- **Dataset content**:
- Opening Delimiter -
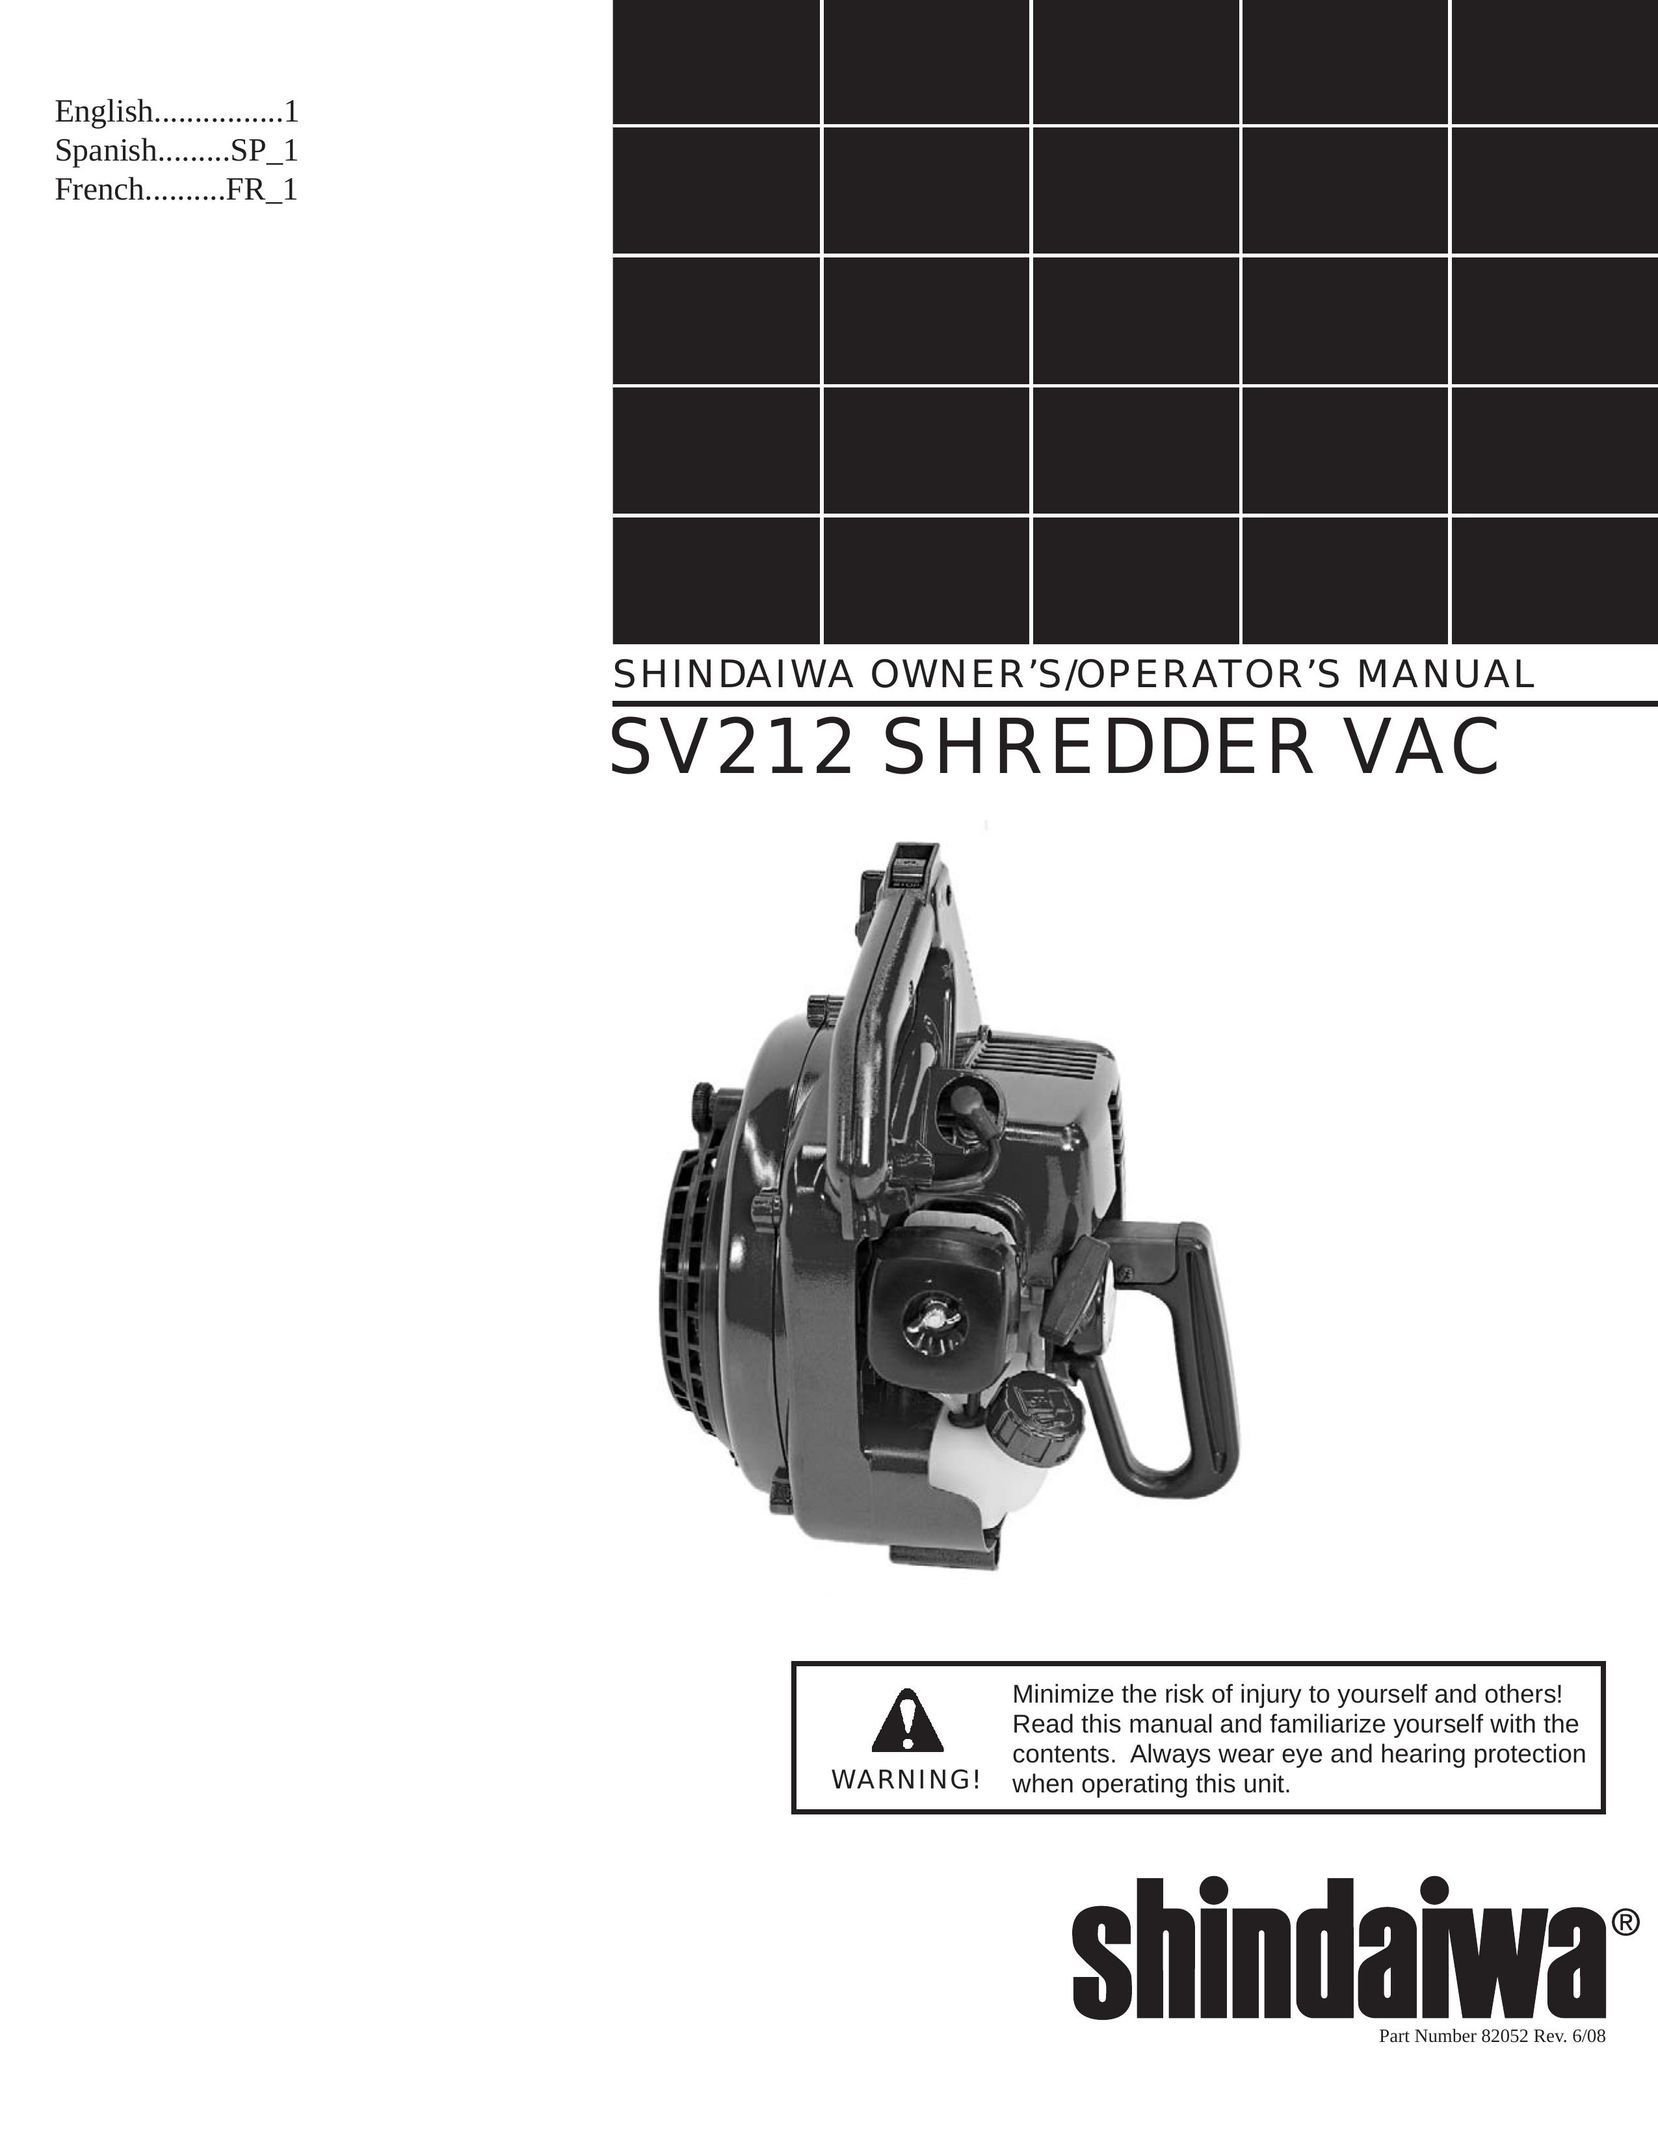 Shindaiwa 82052 Vacuum Cleaner User Manual
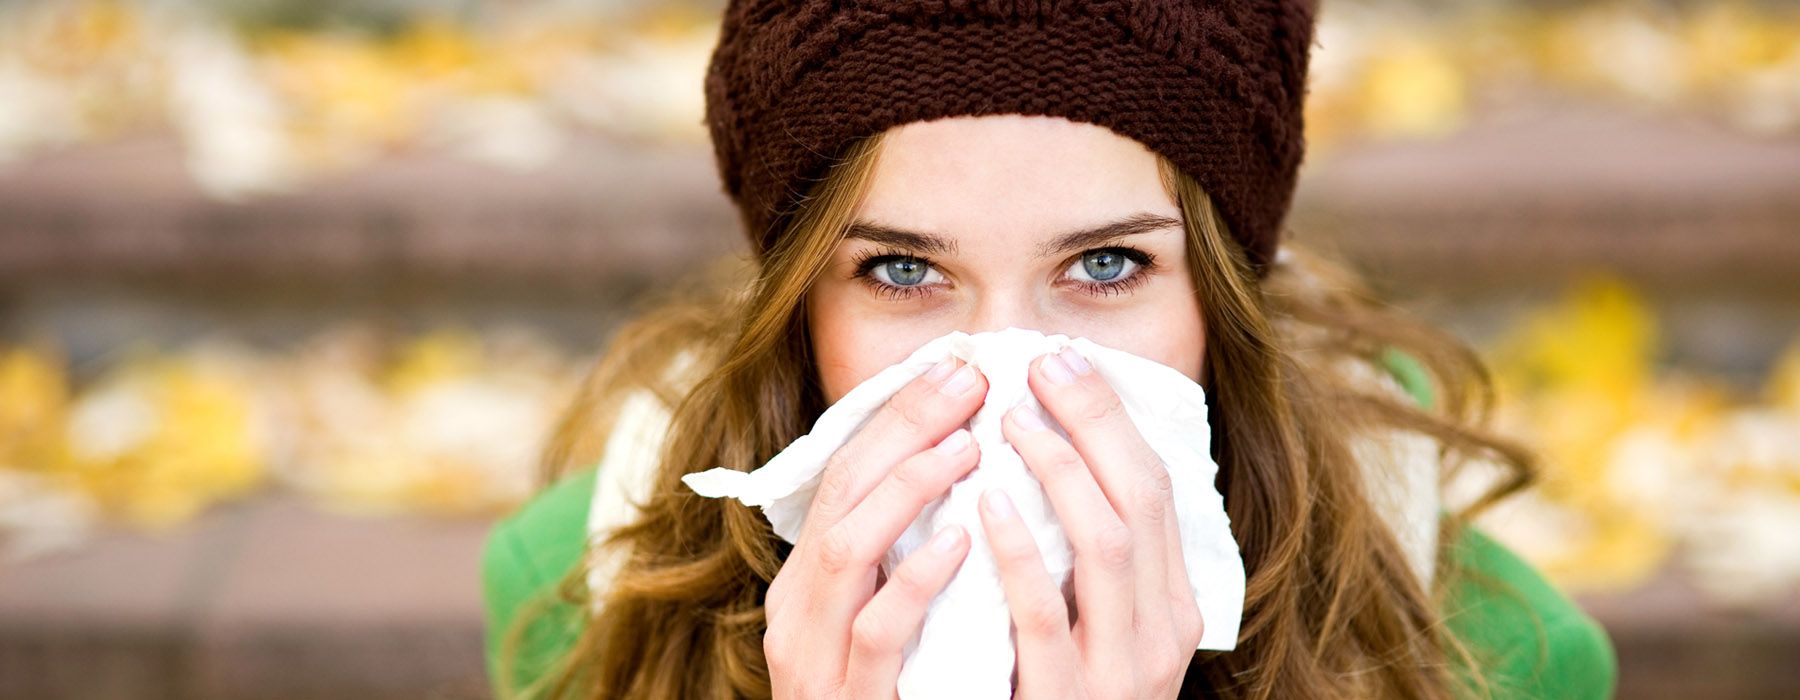 Come curare il raffreddore coi rimedi naturali
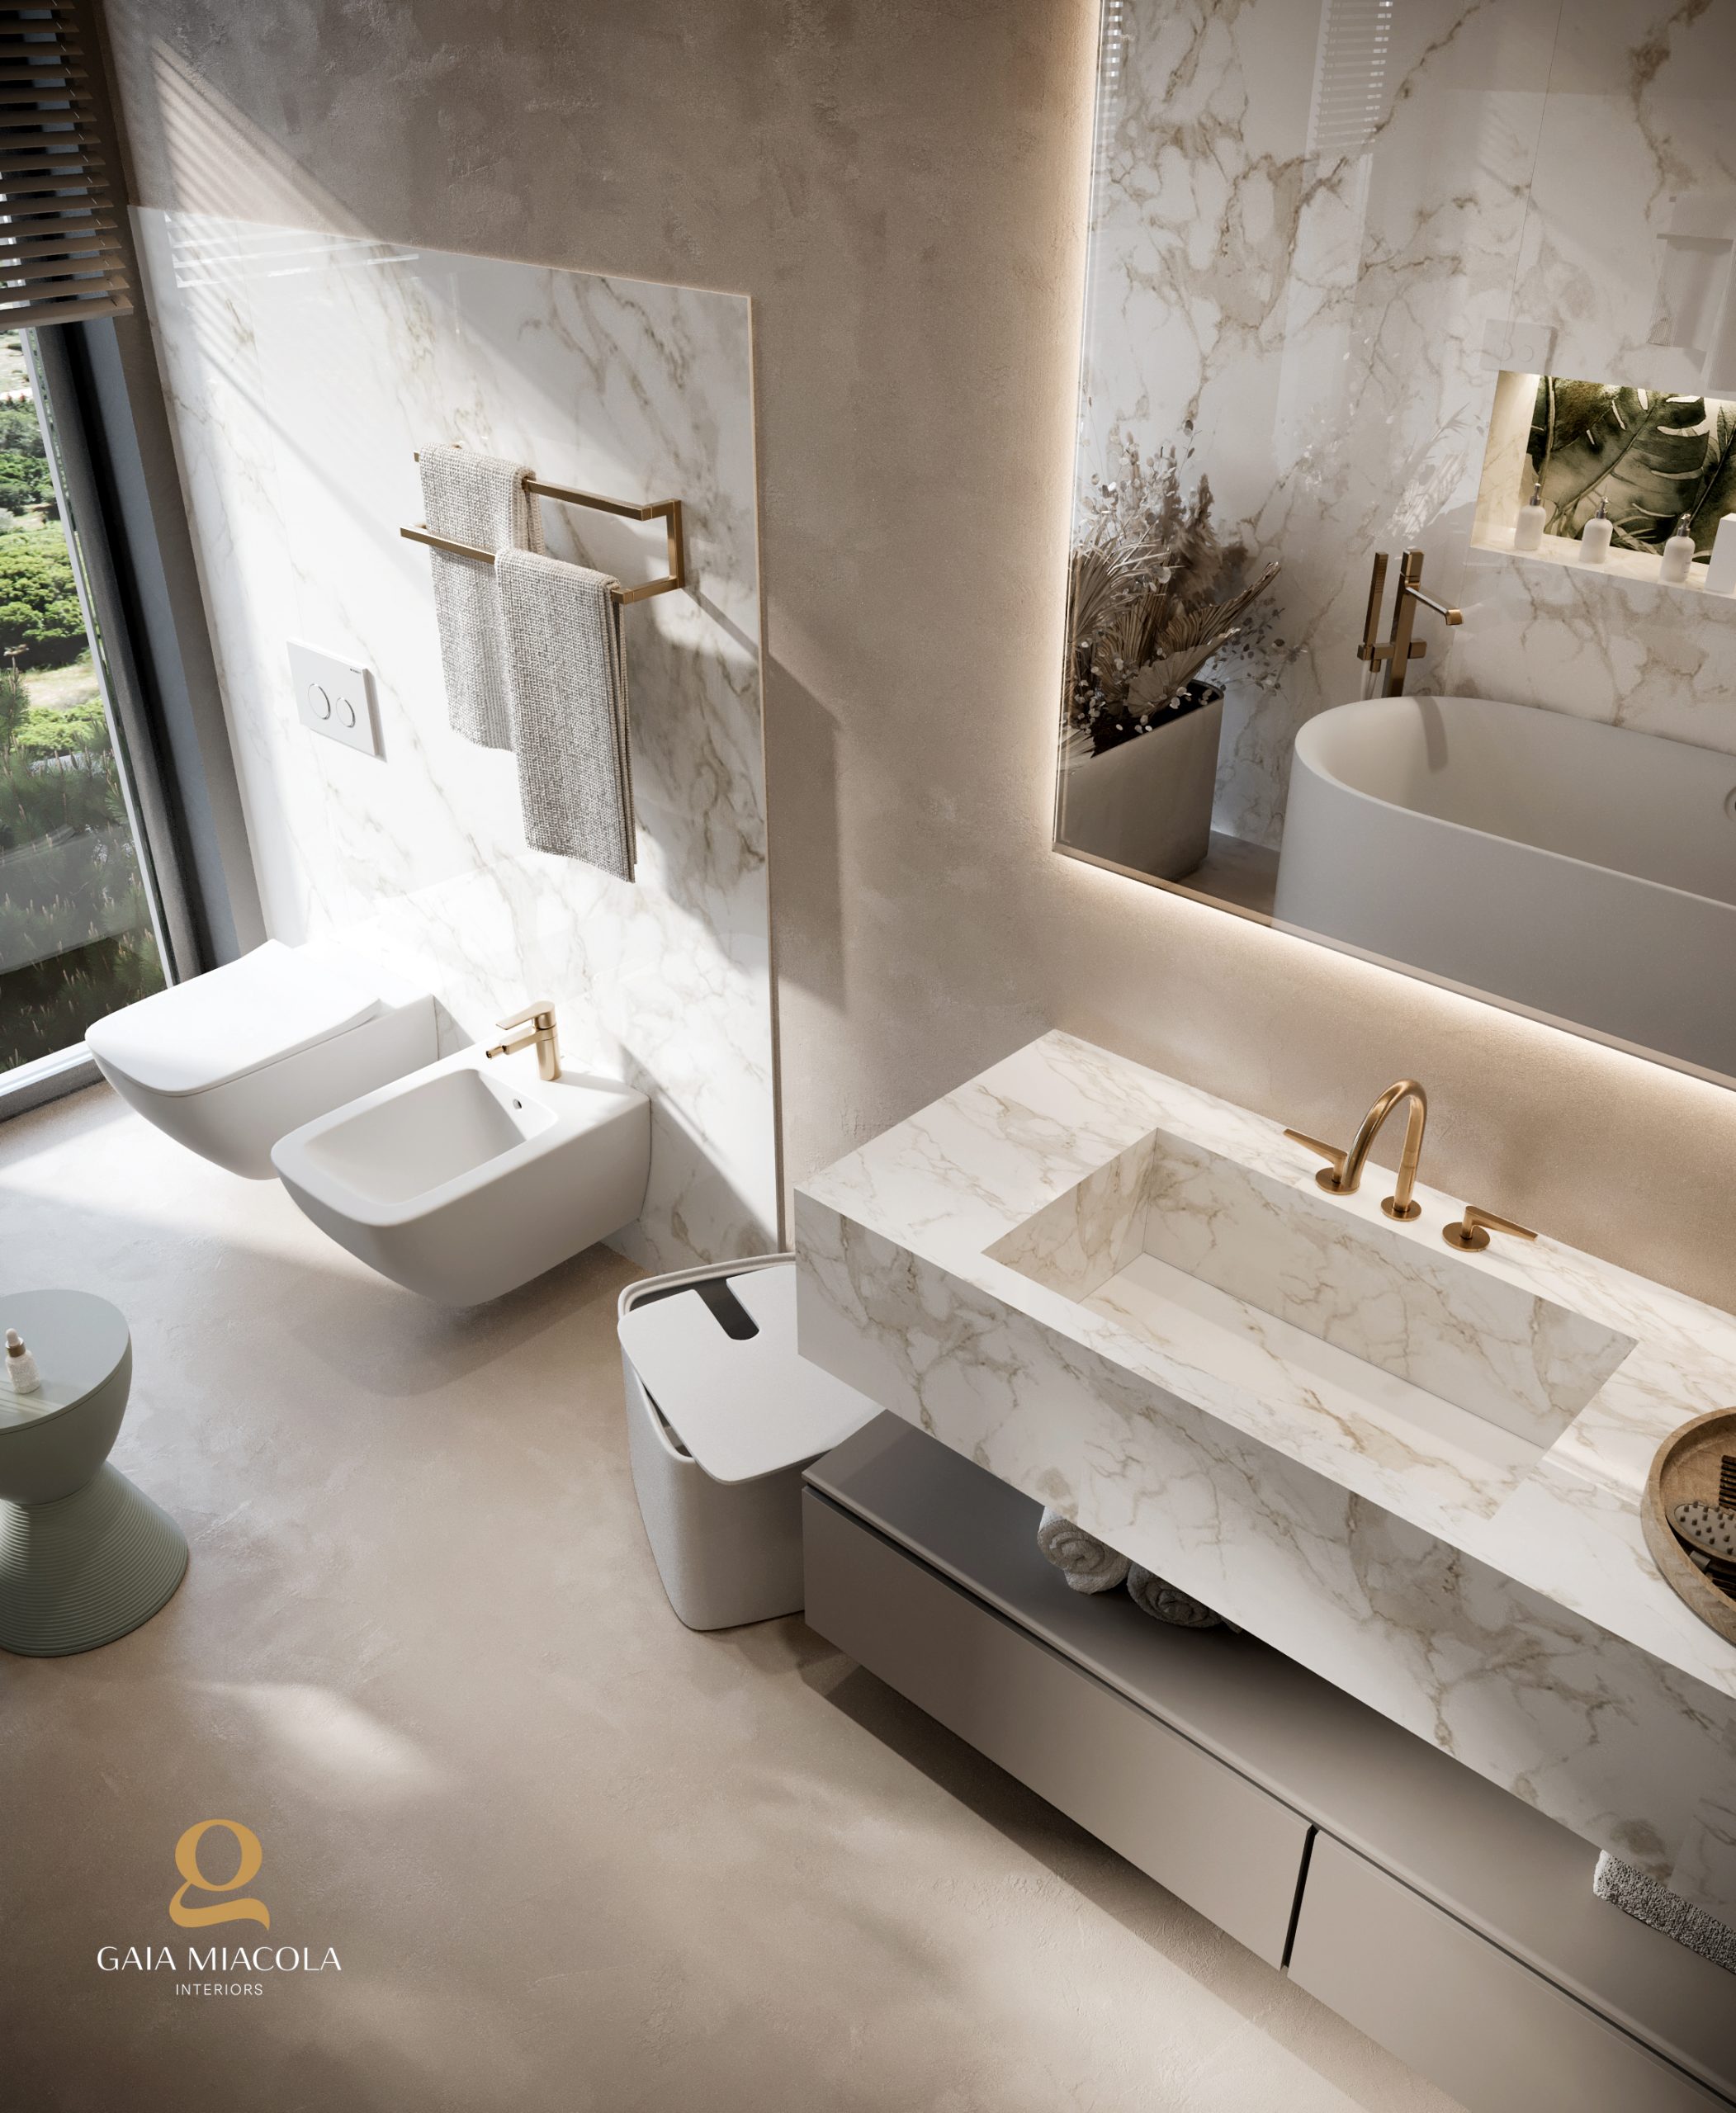 Crea la tua composizione di mobiletto personalizzato per arredare il tuo  bagno - Mobili Bagno - Arredo bagno - Prodotti - Ceramiche Artistiche  Bertolani SRL
- Closing Delimiter -
Once the pictures are set aside, give the rest of the material again unchanged.

- **Result**:
 Shindaiwa 82052 Vacuum Cleaner User Manual
 Come curare il raffreddore coi rimedi naturali
 Crea la tua composizione di mobiletto personalizzato per arredare il tuo  bagno - Mobili Bagno - Arredo bagno - Prodotti - Ceramiche Artistiche  Bertolani SRL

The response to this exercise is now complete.